Gene set enrichment analysis of hallmark gene sets within each population was performed to compare Csnk1a1 haploinsufficient cells and WT cells. Significant upregulation of proliferative and differentiation pathways, such as the hallmark pathways Myc targets, E2F targets, and oxidative phosphorylation, were observed. These pathways were significantly upregulated in Csnk1a1 haploinsufficient cells in the LT-HSC cluster as well as ST-HSC, megakaryocyte/erythroid progenitors, and early MPP clusters. In more committed progenitor clusters, such as myeloid progenitors (Figure 6C), this upregulation was not apparent. Upregulation of downstream target genes of the transcription factors Myc and E2f suggests active proliferation and differentiation of haploinsufficient Csnk1a1 cells.³⁰ This result is in line with finding S-phase–related genes upregulated in the haploinsufficient samples (Figure 6D), corroborating previous findings of increased cell cycle activity in Csnk1a1 haploinsufficient LSK with flow cytometry.¹

Downregulation of inflammatory pathways in Csnk1a1 haploinsufficient HSCs

Simultaneously, and unexpectedly, significant downregulation was observed in pathways related to inflammatory signaling, such as TNF-α signaling via NF-κB and interferon-ɑ response (Figure 6C,E-F). These changes were mostly seen in immature populations and were especially pronounced in LT-HSCs and ST-HSCs, as well as in erythroid/megakaryocytic lineage progenitors (Figure 6E- F). Predictions of transcription factor activity by testing enrichment of transcriptional target gene regulons fit well with this assumption by predicting increased activity of well-known drivers of proliferation and differentiation. These include the transcription factors Myc and Myb in LT-HSCs with concurrent decrease of Stat1, Stat3, Irf1 (interferon-α response) and Rela (NF-κB) activity (Figure 6G). Differential gene expression comparing Csnk1a1 haploinsufficient cells to WT cells in the different HSC clusters was used to infer pathway activity based on pathway perturbation footprint data.³¹ In line with the findings from the gene set enrichment analysis, the pathways JAK-STAT, TNF-α, and NF-κB signaling were downregulated and most pronounced in LT-HSC and erythroid progenitors (supplemental Figure 6G).

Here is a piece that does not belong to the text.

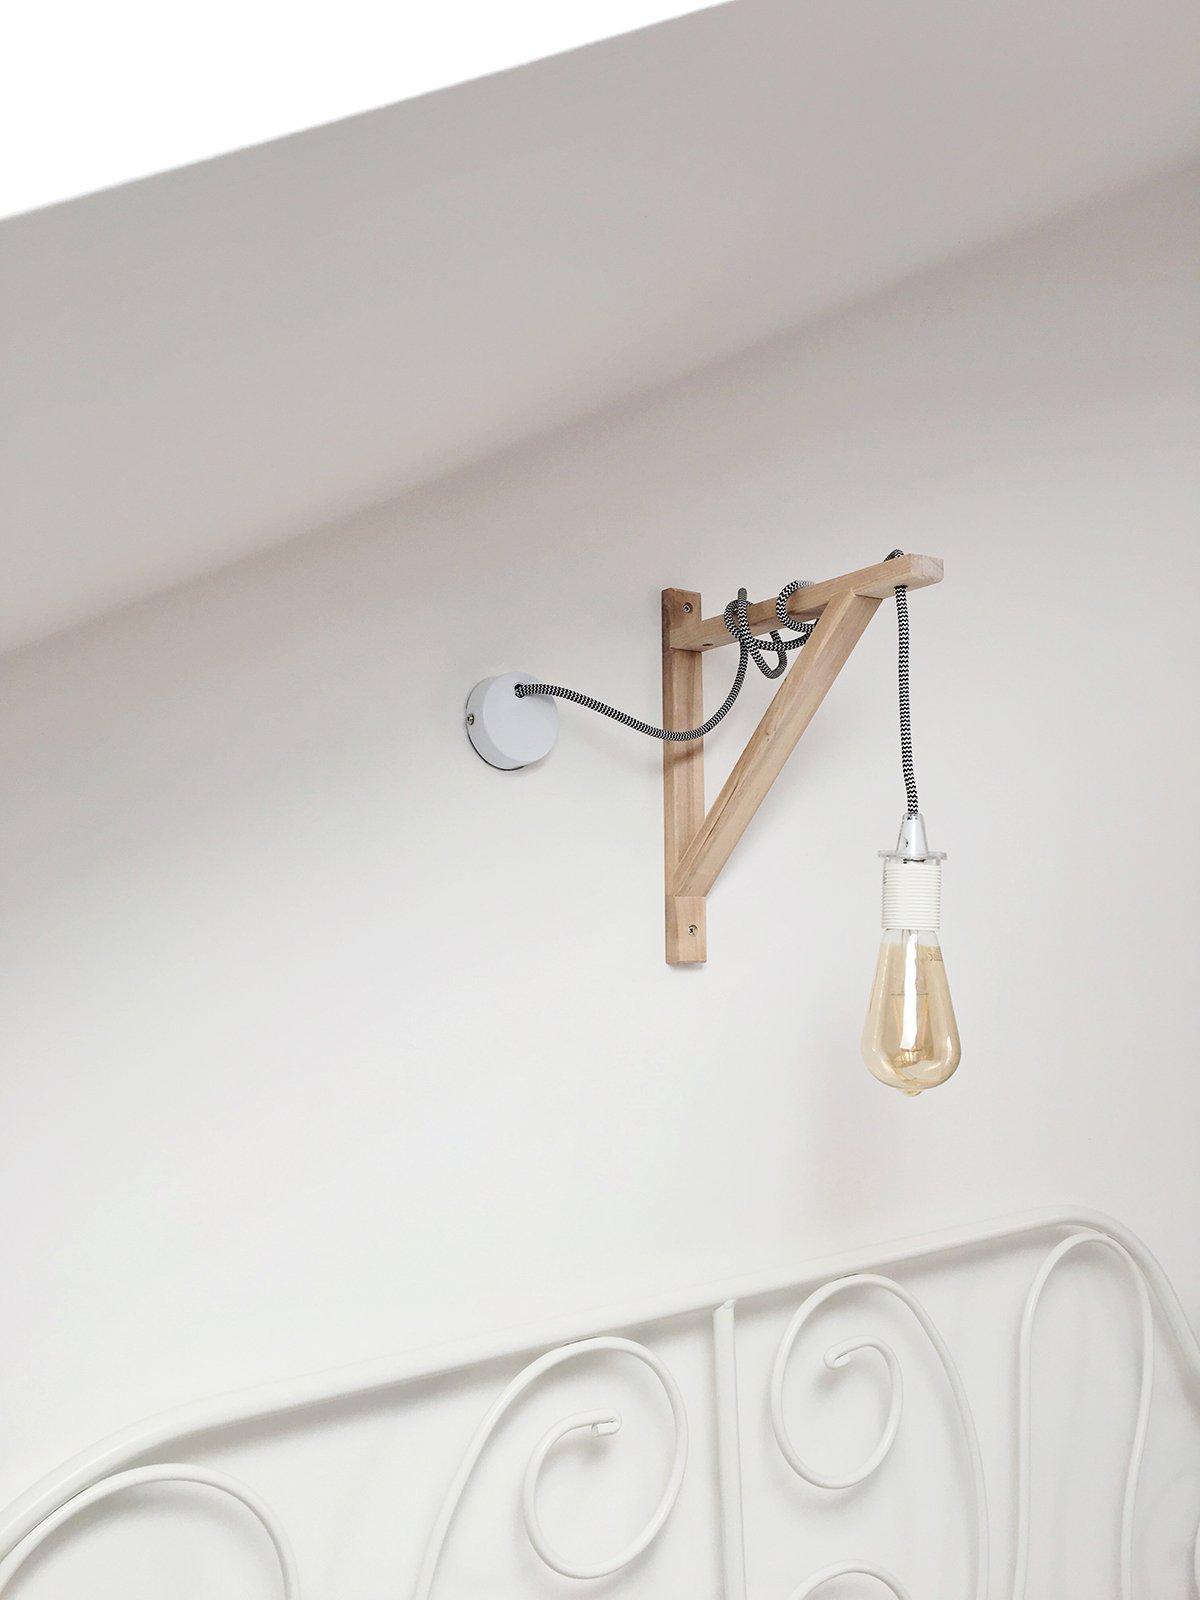 DIY_wall_hanging_lamp_lightbulb_4

We hypothesized that downregulation of inflammatory signaling in the most immature hematopoietic stem cells may confer a competitive advantage to Csnk1a1 haploinsufficient HSCs that is exacerbated in stress conditions such as inflammatory stress and serial transplantation. Therefore, the performance of Csnk1a1 haploinsufficient stem cells under exogenous inflammatory stress was tested.

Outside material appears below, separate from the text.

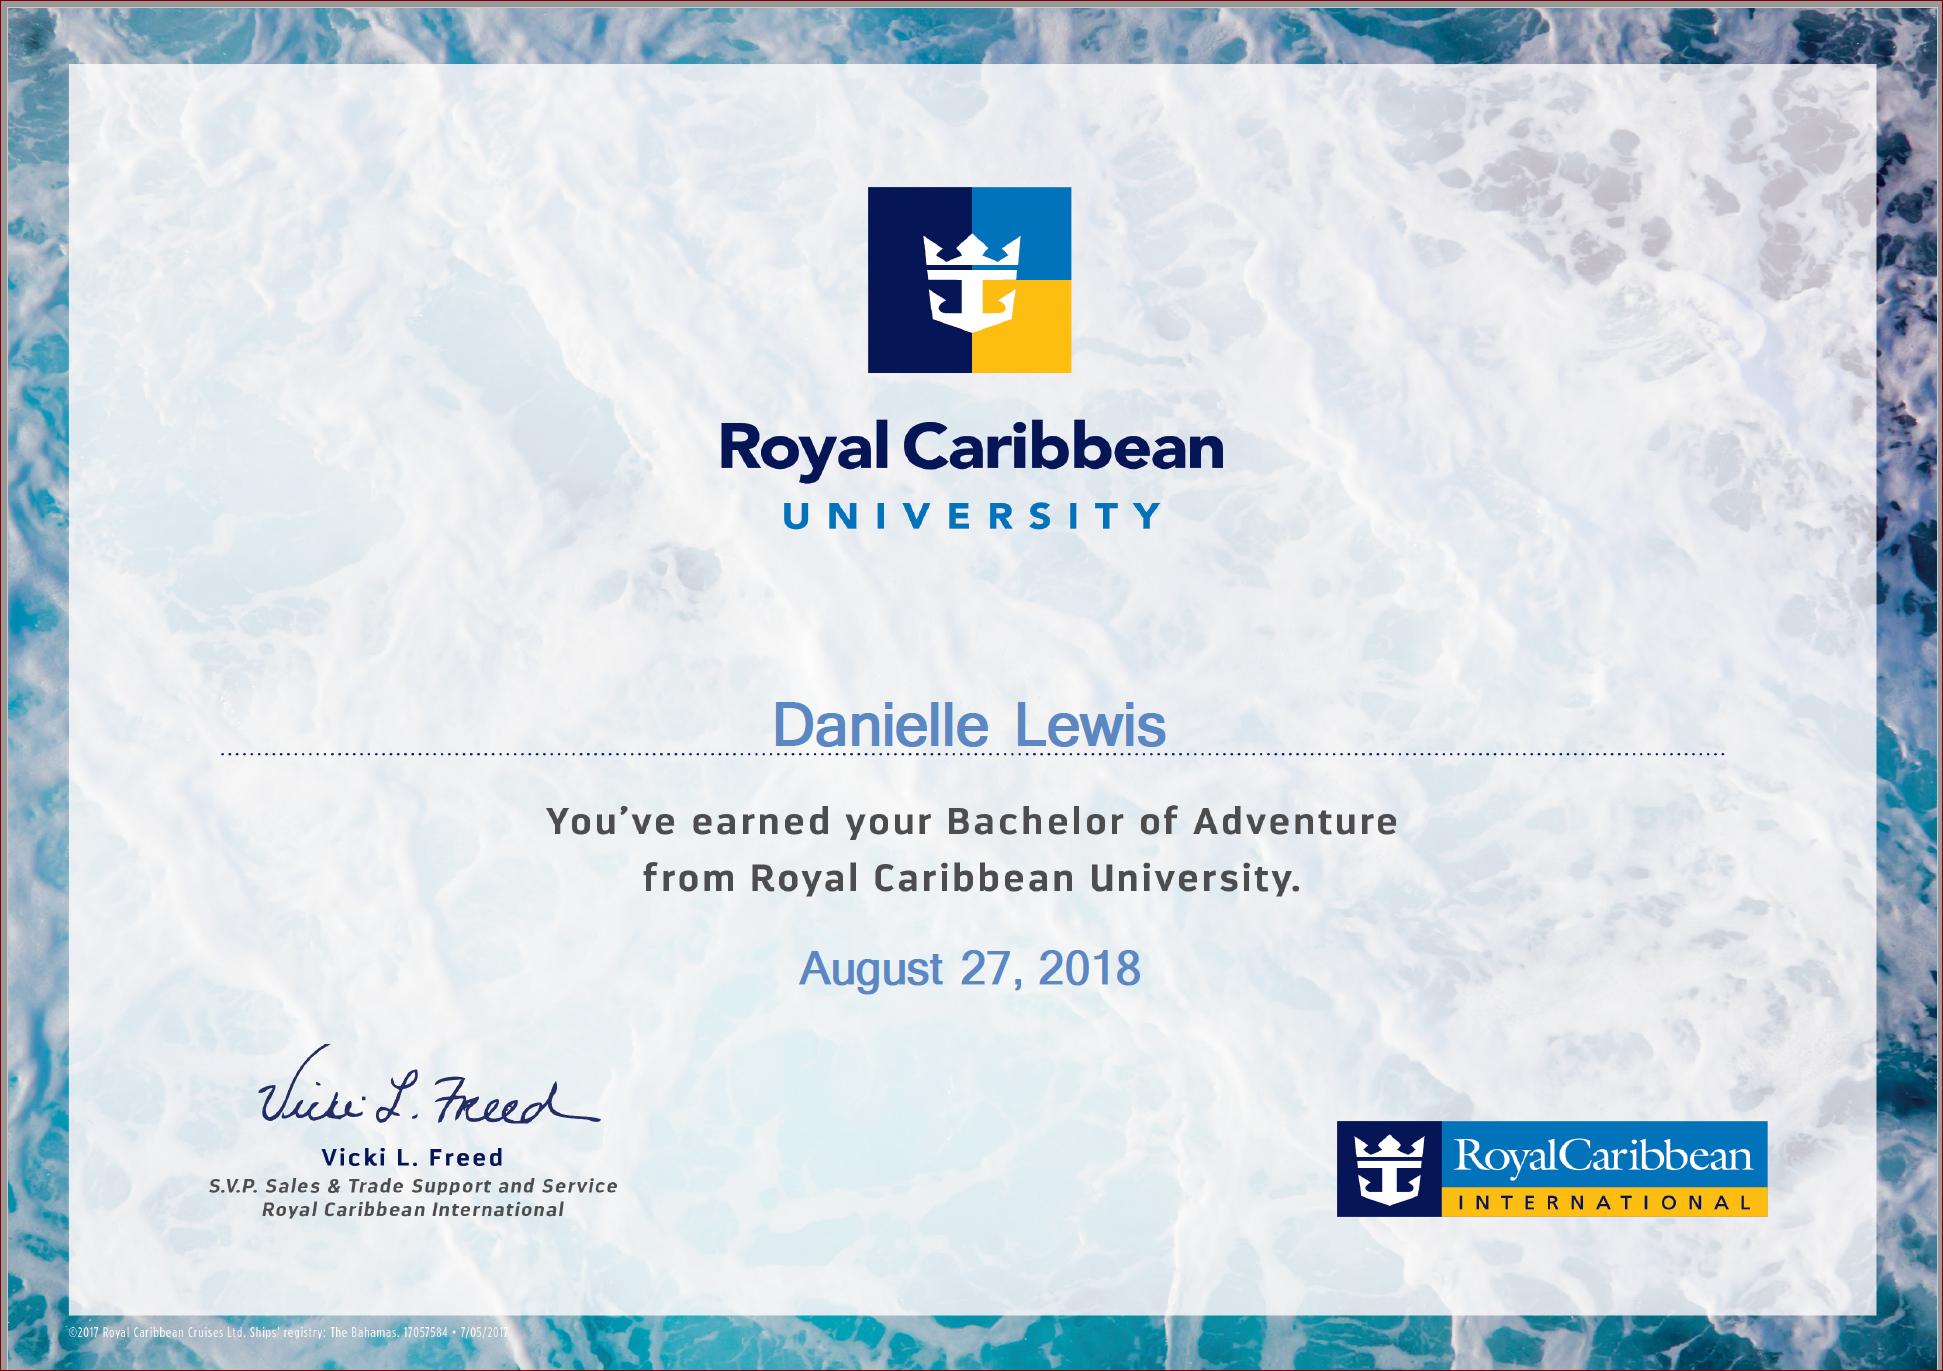 SelfishMe Travel - Royal Caribbean Cruise Line University Bachelor of Adventure

The competitive advantage of Csnk1a1 haploinsufficient HSCs is increased under exogenous inflammatory stress

The function of Csnk1a1 haploinsufficient and WT HSCs under exogenous inflammatory stress in vivo in a competitive transplantation assay was tested. Because TNF-α and IFN signaling was particularly affected by Csnk1a1 haploinsufficiency in the most primitive HSCs, we decided to use poly(I:C) to induce a type 1 interferon response and induction of TNF-α. The effect of poly(I:C) on HSCs is well studied, and it has been shown that it drives HSCs into cycling, ultimately exhausting them.^32-34 In addition, it has been shown that the neighboring genes of Csnk1a1 on the 5q arm have the potential to induce inflammatory stimuli in the hematopoietic system and the bone marrow niche.^19-21,35

To test the HSC function of Csnk1a1 haploinsufficient HSCs in direct competition with WT cells under exogenous, inflammatory stress, transplant-recipient mice were repetitively treated with poly(I:C), starting 4 weeks after transplantation (Figure 7A). Csnk1a1^−/+ myeloid (CD11b⁺) cells expanded significantly in the peripheral blood when treated with poly(I:C), compared with treatment with phosphate-buffered saline and with stimulated and unstimulated WT cells (Figure 7B). As expected, over the course of the experiment, inflammatory stimulation compromised erythropoiesis more than leukocyte and platelet production, as shown by decreasing peripheral blood hemoglobin values in the poly(I:C) treated groups (Figure 7C; supplemental Figure 7A). Csnk1a1^−/+/WT chimeras showed faster recovery of erythropoiesis after the last (poly(I:C)) stimulus than Mx1Cre⁺/WT chimeric mice (Figure 7C). A steady increase of Csnk1a1^−/+ cells was seen, also independent of the inflammatory stimulation over time, suggesting that factors independent of inflammatory stress contribute to the advantage of Csnk1a1 haploinsufficient cells. In the bone marrow, Csnk1a1 haploinsufficient cells under inflammatory stress expanded most significantly compared with their WT counterparts, under both stimulated and unstimulated conditions in the CD11b⁺ (myeloid) compartment (Figure 7D). The chimerism of Csnk1a1 haploinsufficient cells was higher in the stimulated group than in the nonstimulated group, indicating that Csnk1a1 haploinsufficient cells have an intrinsic clonal advantage that is exaggerated by inflammatory stress. Accordingly, Csnk1a1 haploinsufficient LSK cells showed higher chimerism in the control setting than their WT counterparts showed, which was even further increased by inflammatory stimulation (Figure 7E). The effect of inflammatory stimulation on Csnk1a1 expansion was most pronounced in the MPP compartment, but less obvious with LT-HSC (Figure 7E).

Figure 7.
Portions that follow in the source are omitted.